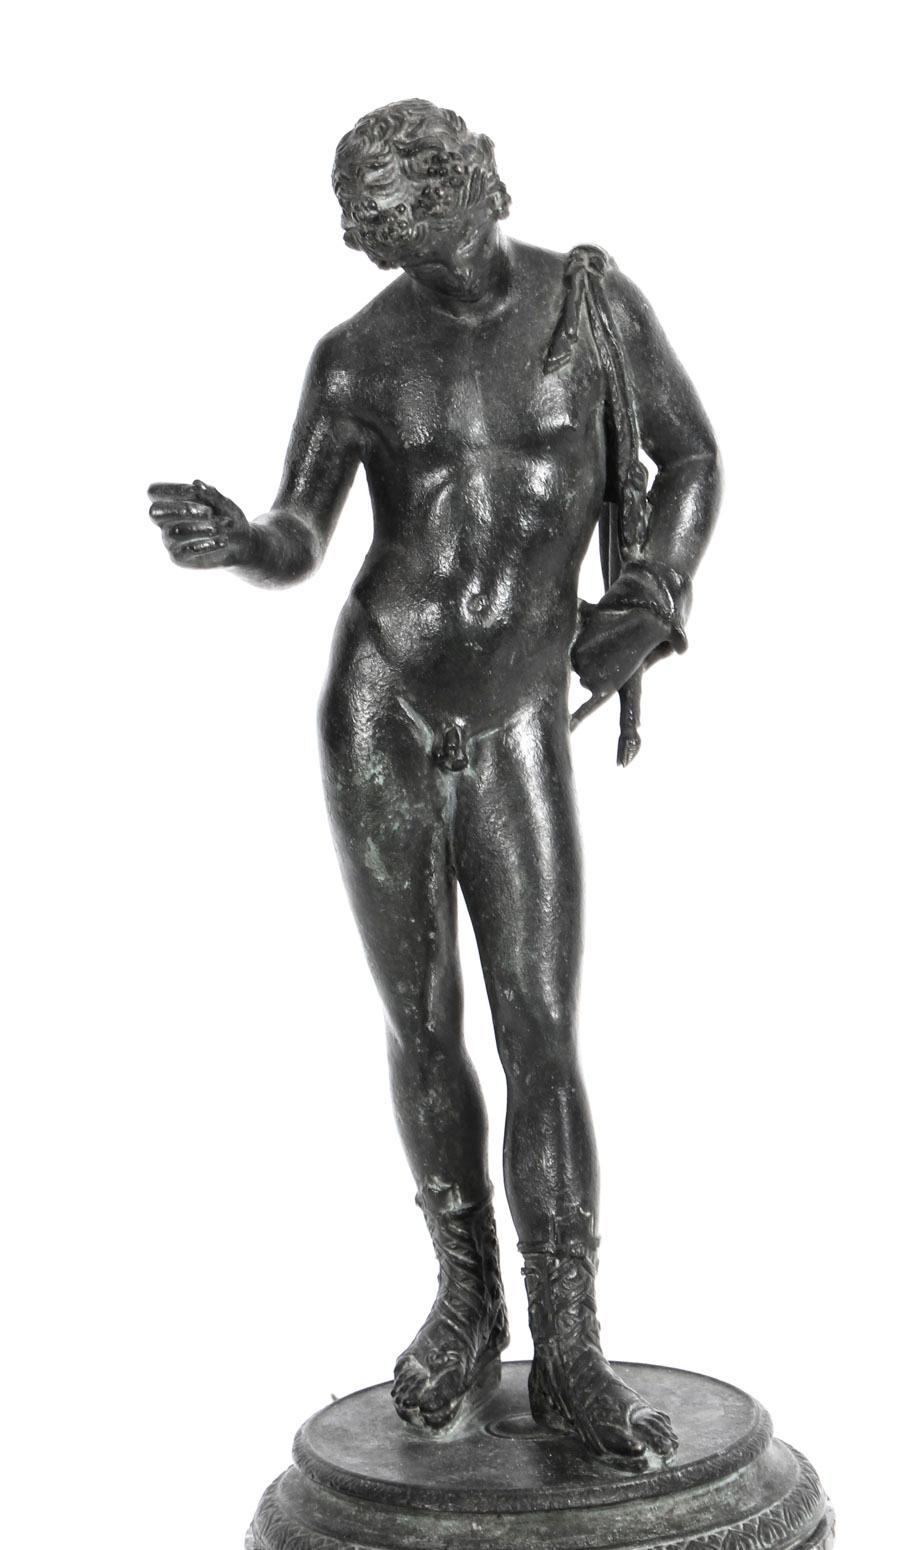 Dies ist eine hervorragende antike Grand Tour patinierte Bronzefigur von Narziss, aus dem letzten Viertel des 19. Jahrhunderts.

Narziss war in der griechischen Mythologie ein Jäger und zeichnete sich durch seine Schönheit aus.
 
Diese
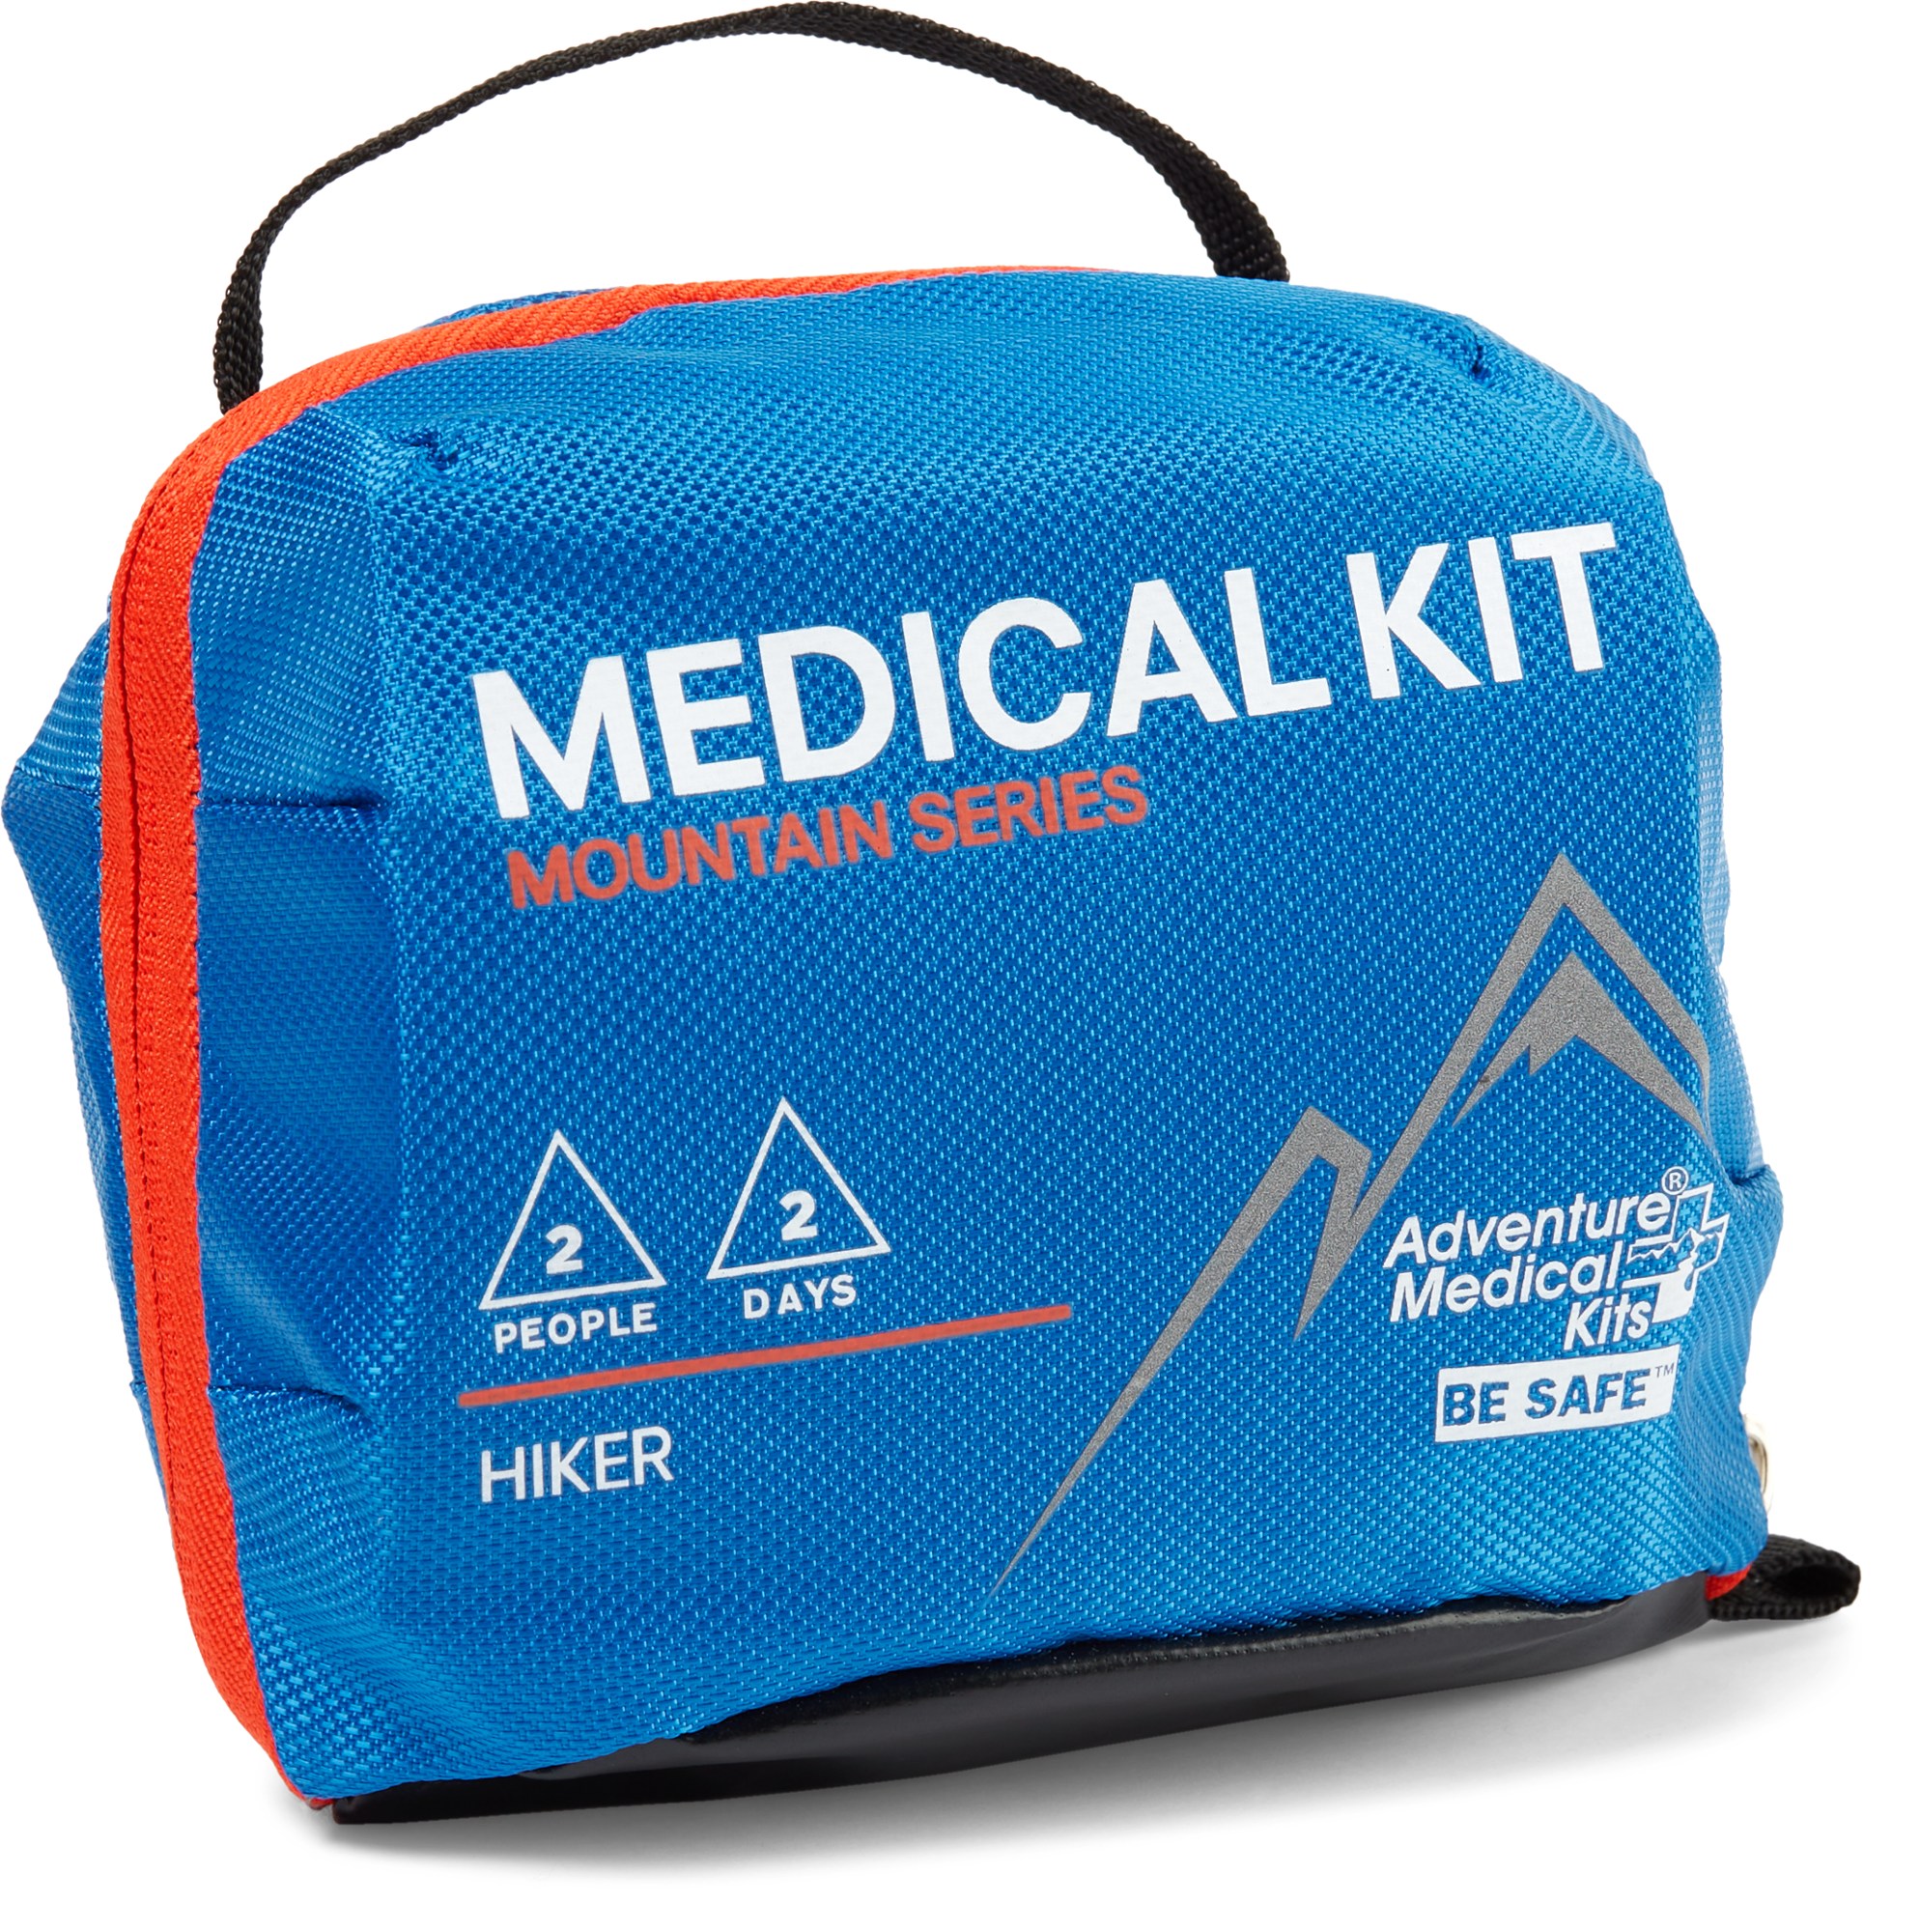 Медицинский набор для туристов Mountain Series Adventure Medical Kits, синий медицинский набор для альпинистов серии mountain adventure medical kits синий

# What needs to be done:
Reproduce the material in its entirety and word for word, without the pictures.

# Answer section:
 Dies ist eine hervorragende antike Grand Tour patinierte Bronzefigur von Narziss, aus dem letzten Viertel des 19. Jahrhunderts.

Narziss war in der griechischen Mythologie ein Jäger und zeichnete sich durch seine Schönheit aus.
 
Diese
 Медицинский набор для туристов Mountain Series Adventure Medical Kits, синий медицинский набор для альпинистов серии mountain adventure medical kits синий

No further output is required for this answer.